Шрифт:
Интервал:
Закладка:
— Травами, минералами, внушением — срабатывает всё вместе. Самое сильное воздействие на болезнь оказывает самовнушение. Если человек умеет поместить солнце в больной орган и крутить его справа налево, если умеет разговаривать со своим больным органом и внушать ему — мол, болезнь уже уходит, почти ушла, в конечном счёте, он болезнь победит! Человек не знает собственных ресурсов, силы в нас заложены огромные. И врач обязан, прежде чем лечить, изучить эти силы и ресурсы своих больных.
Голос Альберта перестаёт быть различимым. Стучат часы, стучит в висках. Альберт смотрит на неё, как смотрят на царевну, только что, минуту назад, бывшую лягушкой.
Она видит, он говорит.
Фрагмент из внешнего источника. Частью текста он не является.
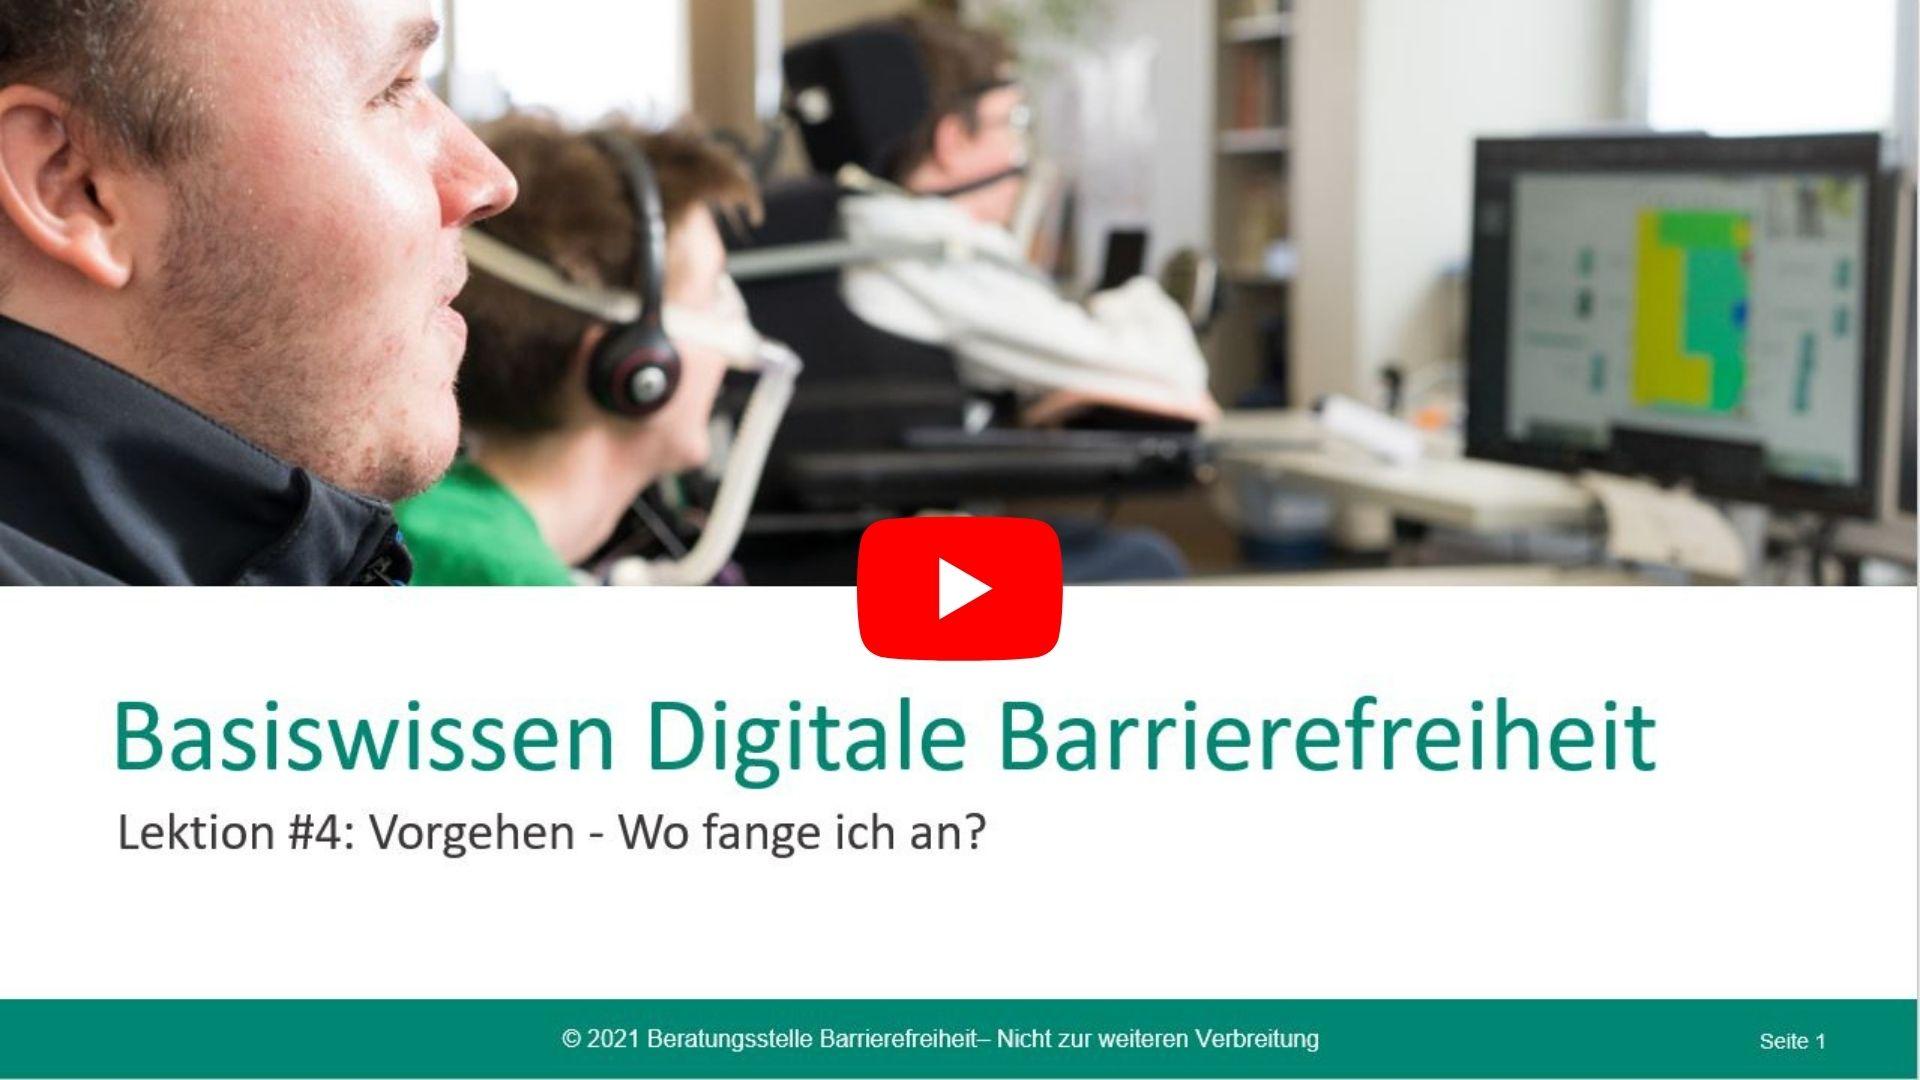 Link zum Video: Basiswissen digitale Barrierefreiheit - Vorgehen: wo fange ich an?

Силится услышать его, не может. Она видит, он понимает, что с ней. Он знает всё и про жизнь и про смерть. Он нарочно говорит, что не знает. В нём спрятан огонь, он — гейзер. Почему же не подойдёт к ней, разве он не чувствует, как они — вместе?! Ей кажется: коснётся её Альберт, и она сразу поймёт то, что он пытается втолковать ей, и через него приобщится к вечности. Это уже было: снег повис над ними. Повис и не падал. Тогда она ещё не поняла, не сумела. Он заодно с небом, и со снегом, и с вечностью, и, раз они сейчас так вместе, она тоже станет частью вечности. Нужно только, чтобы он подошёл к ней.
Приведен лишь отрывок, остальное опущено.